#### Information supplied
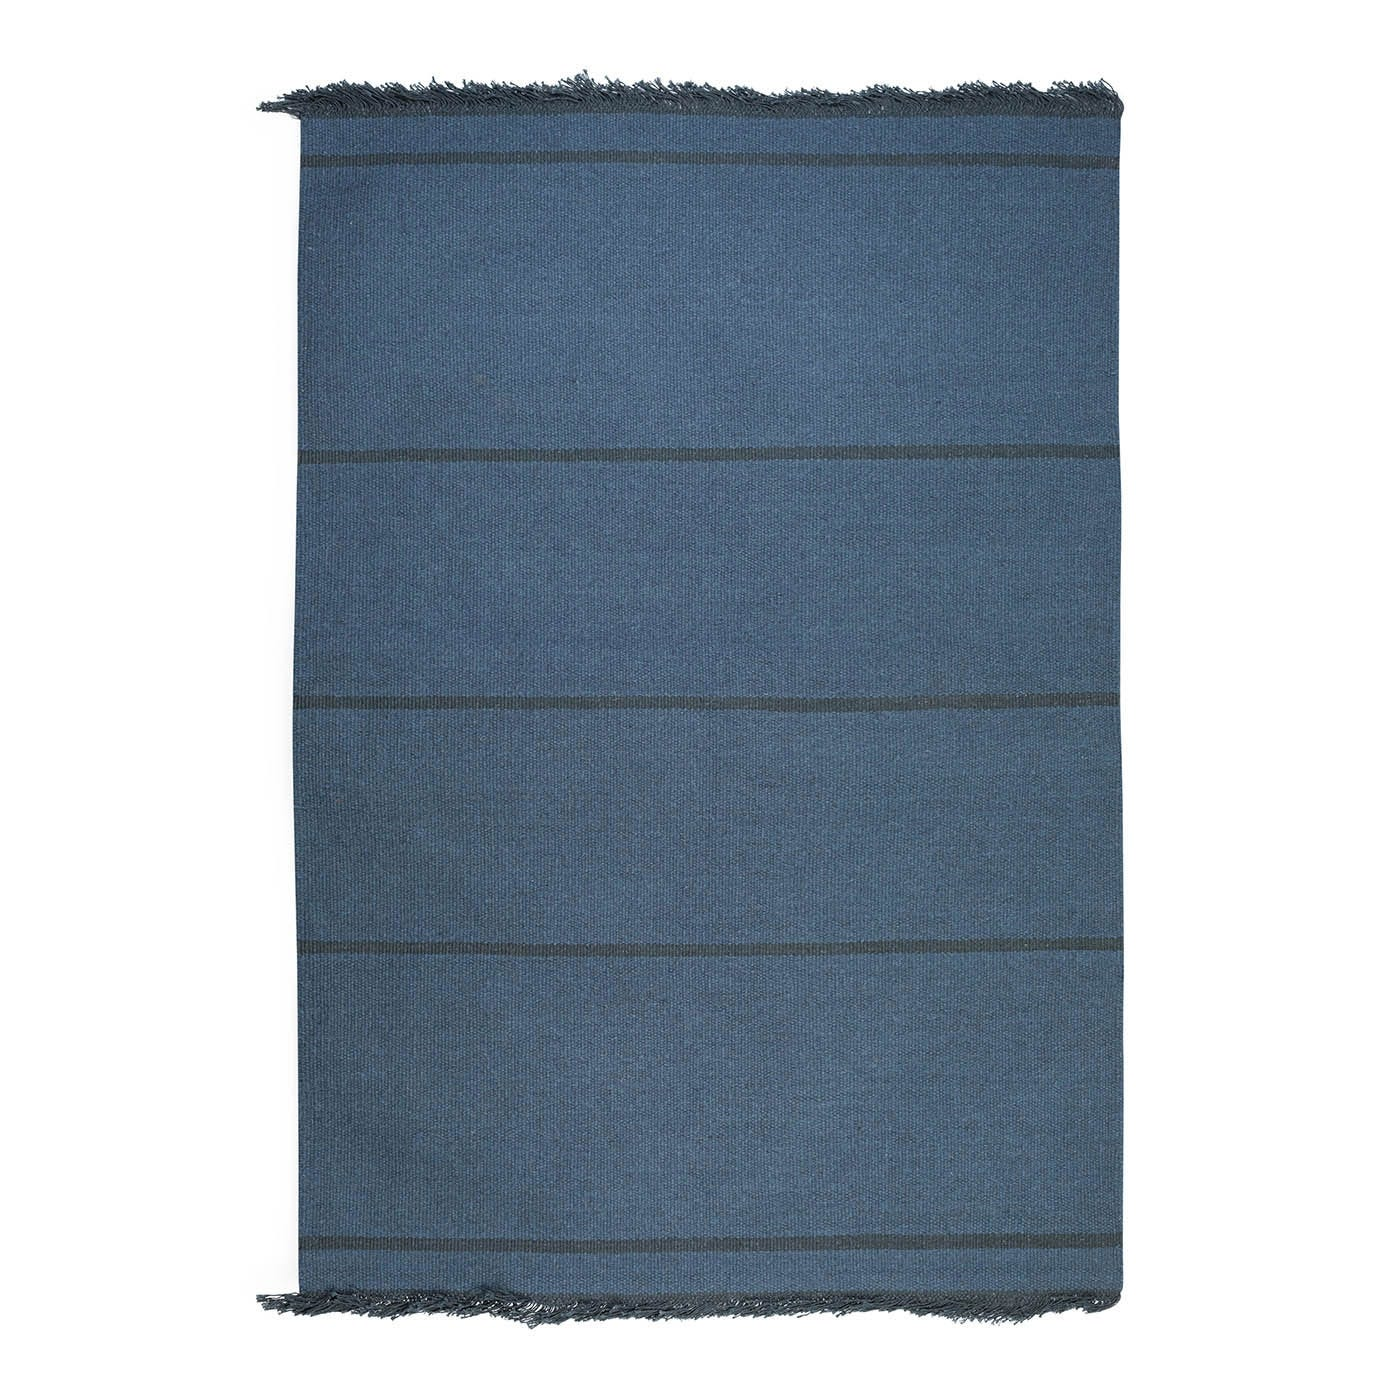 Varuna Rug Blue
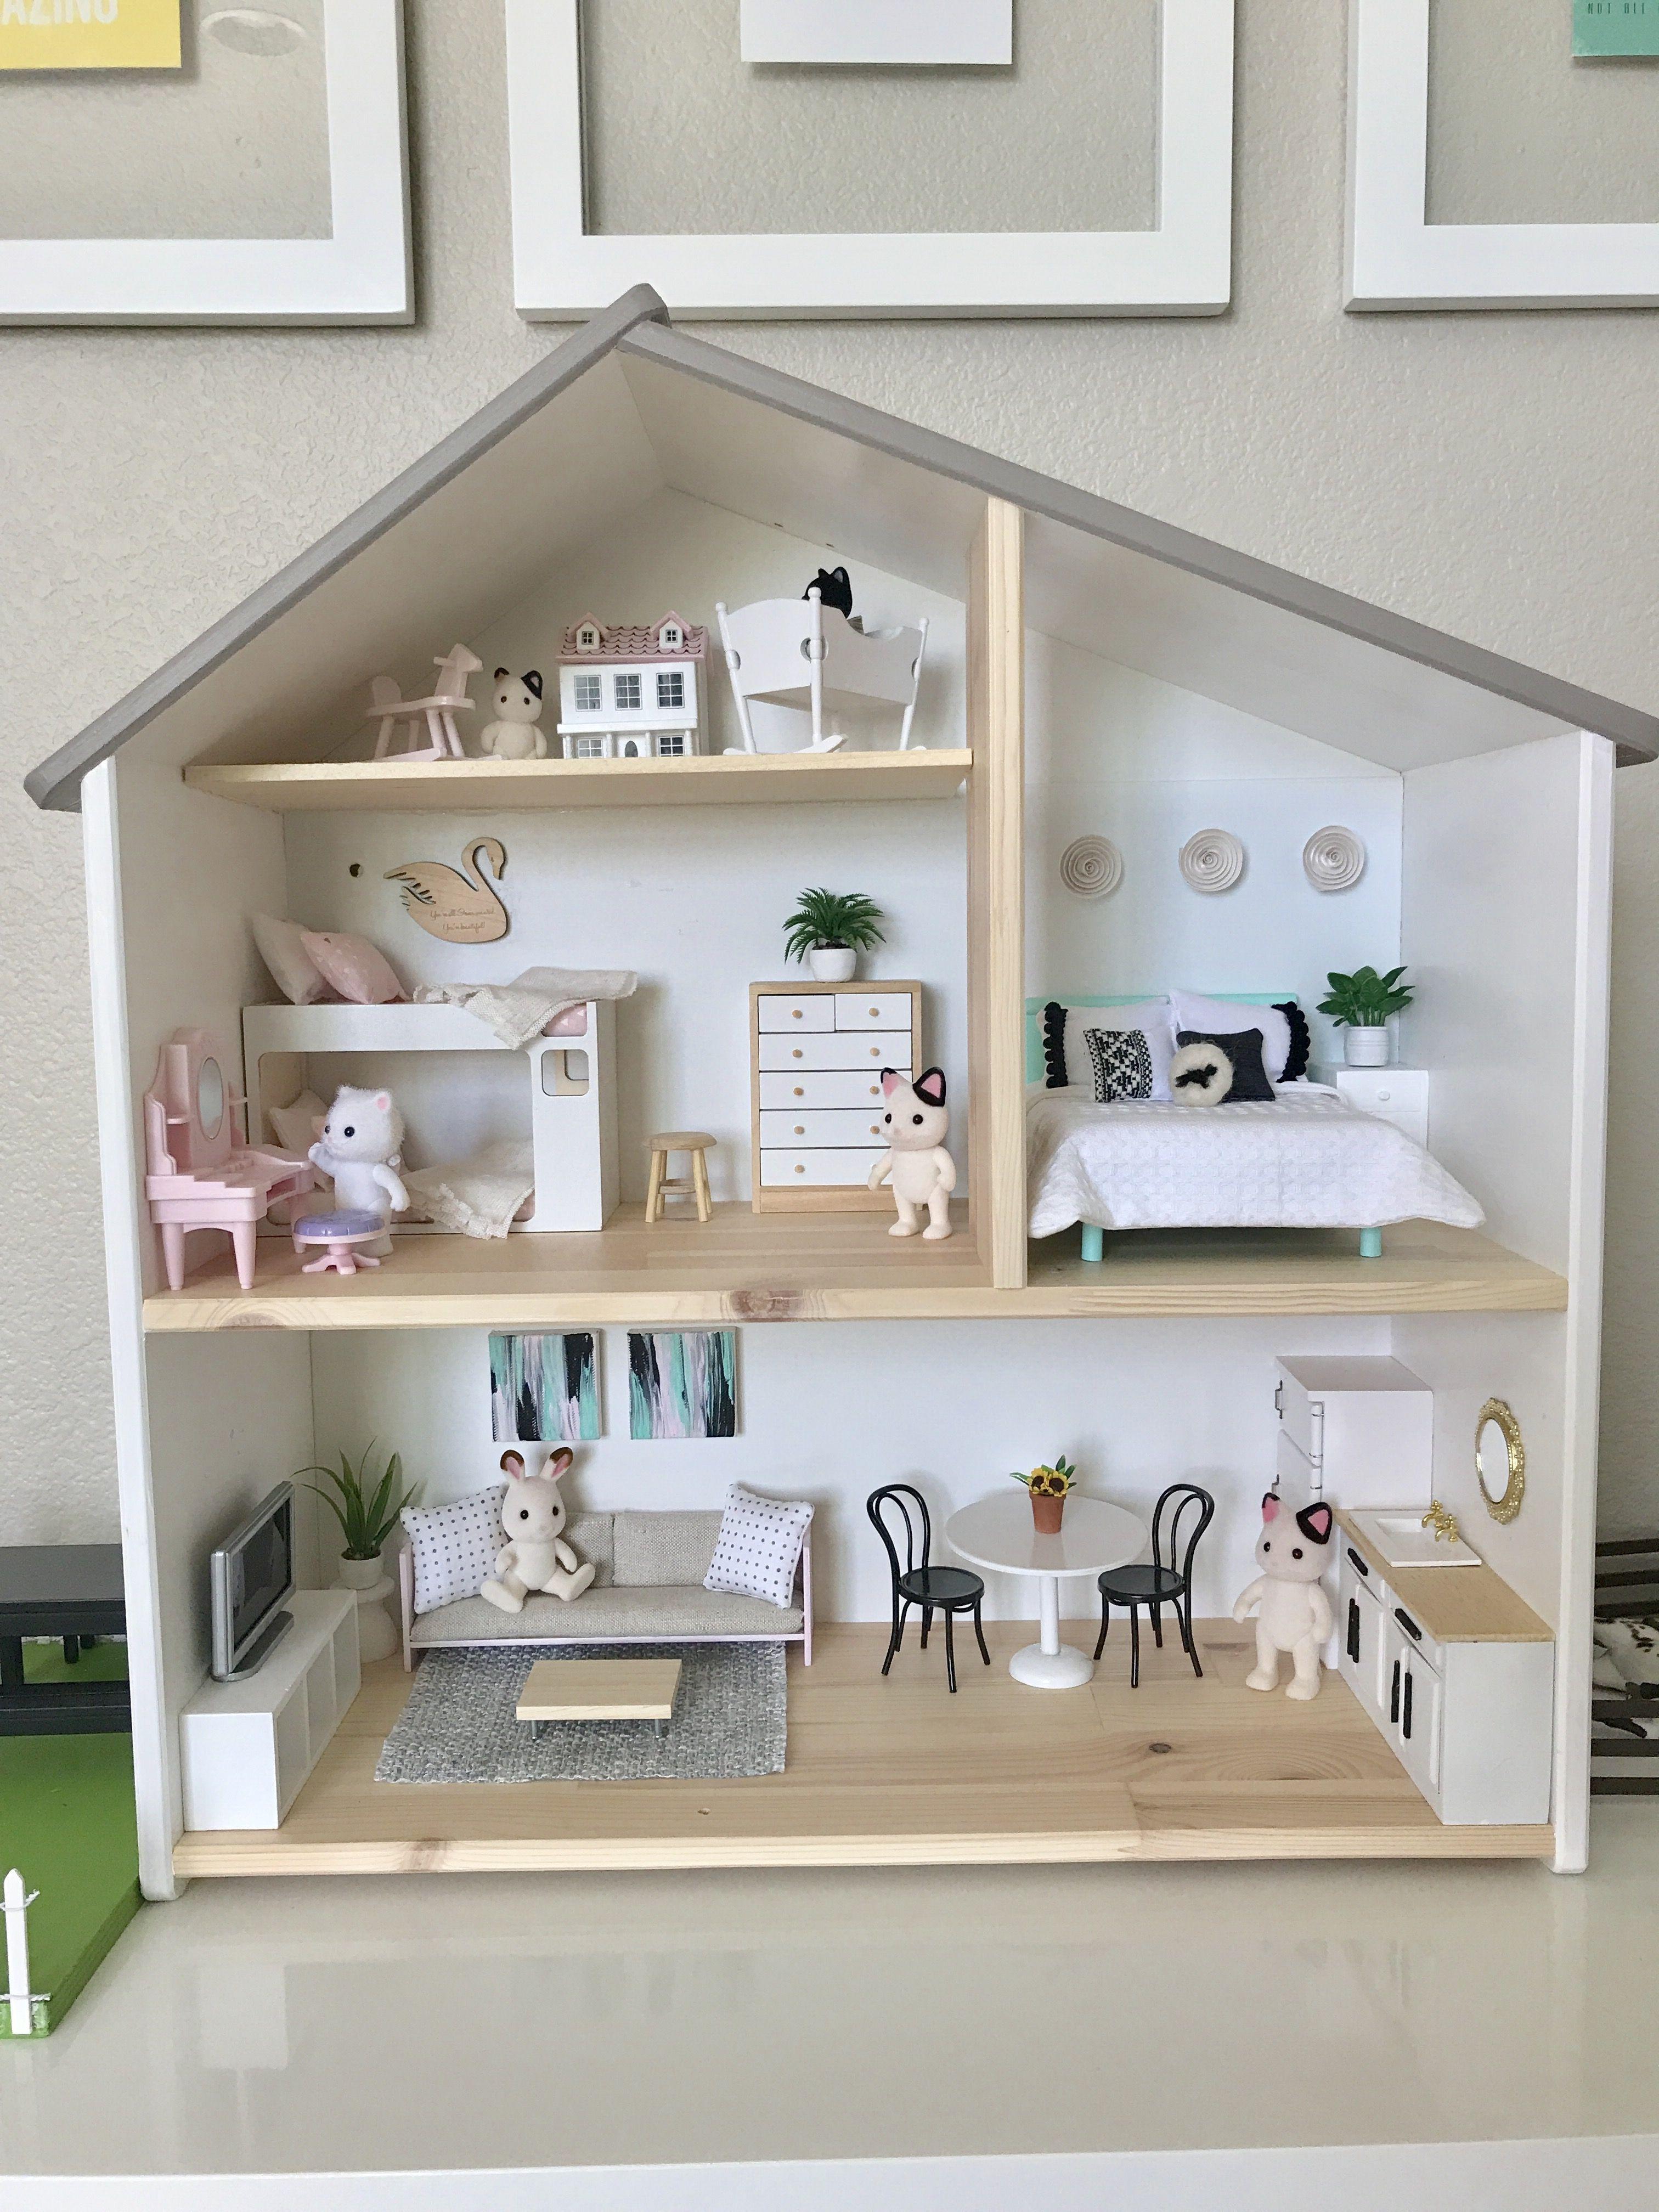 ikea miniature furniture. Brilliant Miniature Image Result For Ikea Flisat Dollhouse To Ikea Miniature Furniture
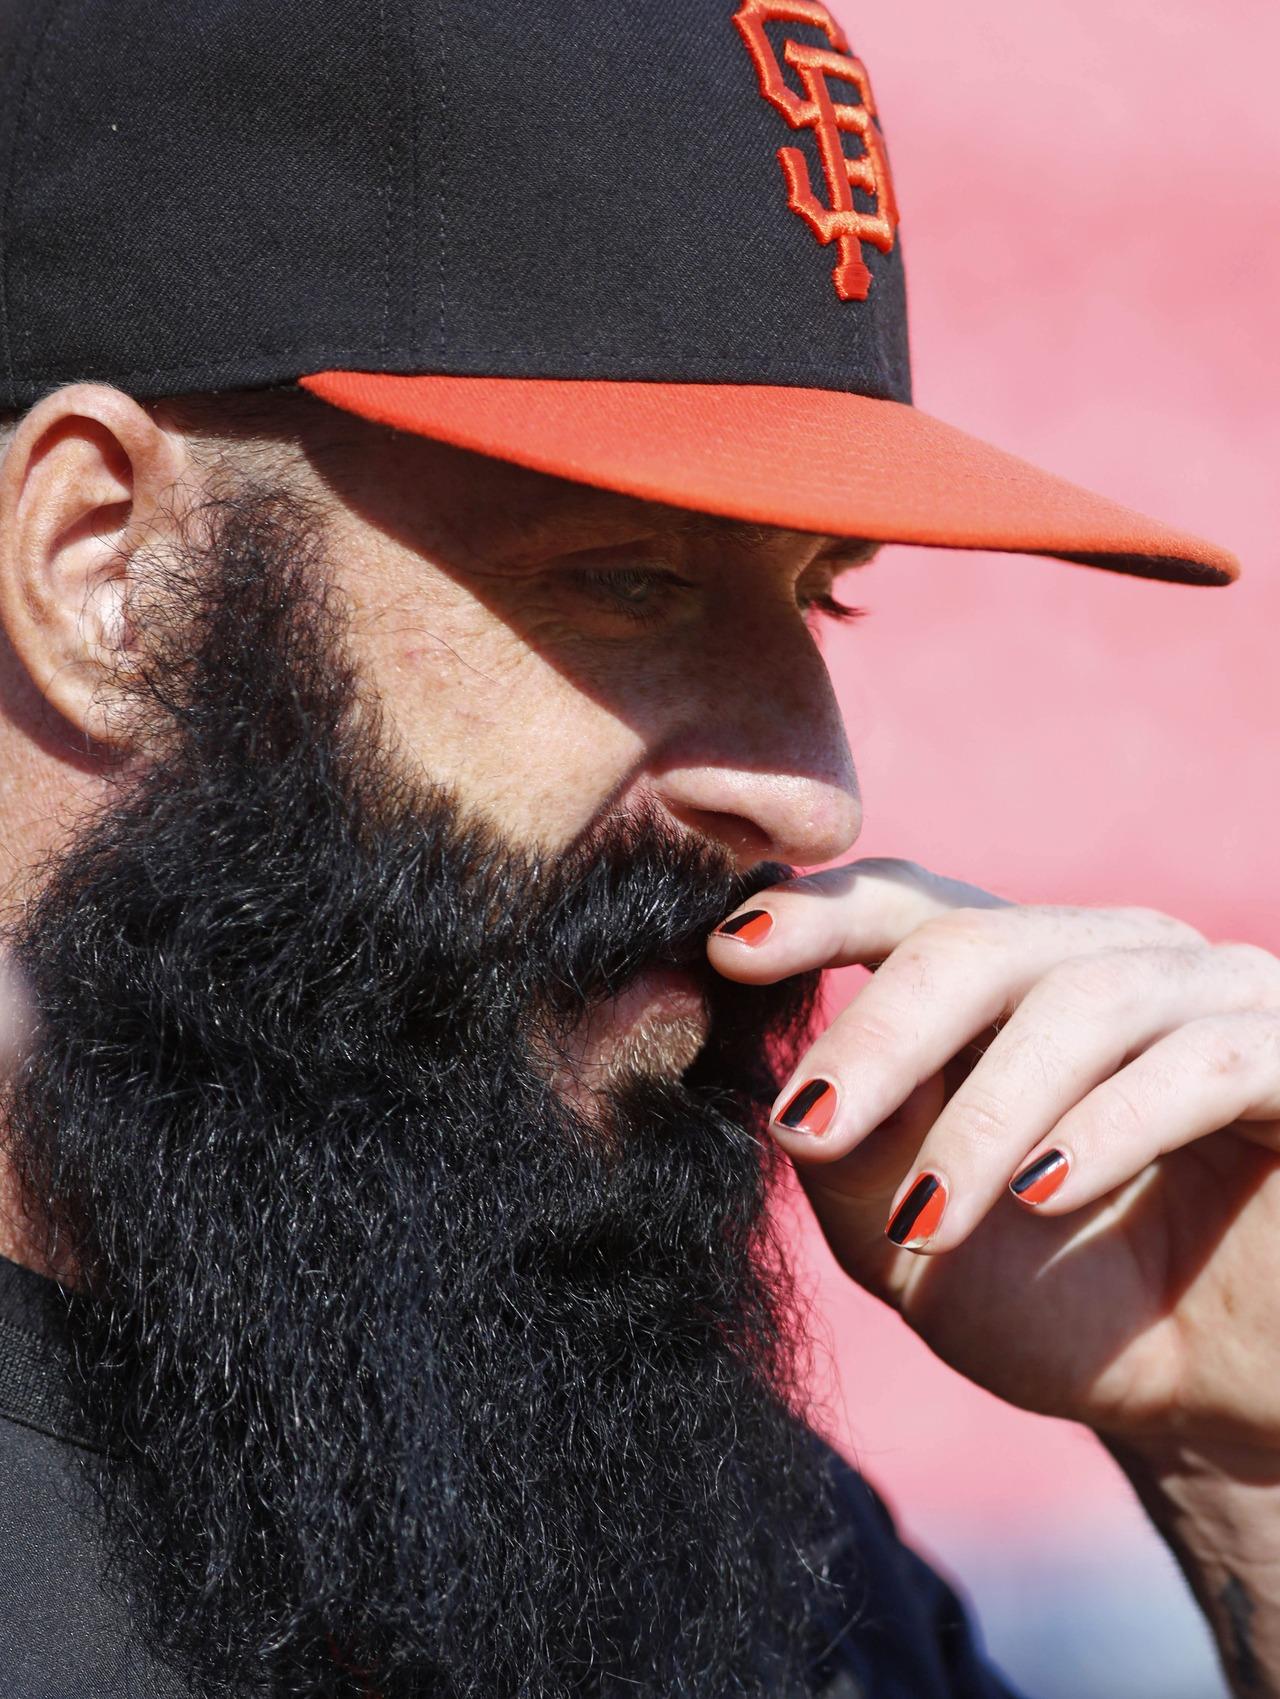 Tendencia: Nail polish para hombres…¿Te animas? | Adrix Nails: Uñas ...

#### Task to carry out
Give back exactly the lines from the line with "ikea miniature furniture." through the end of the material above, inclusive, with no pictures.

#### Solution to this exercise
 ikea miniature furniture. Brilliant Miniature Image Result For Ikea Flisat Dollhouse To Ikea Miniature Furniture
 Tendencia: Nail polish para hombres…¿Te animas? | Adrix Nails: Uñas ...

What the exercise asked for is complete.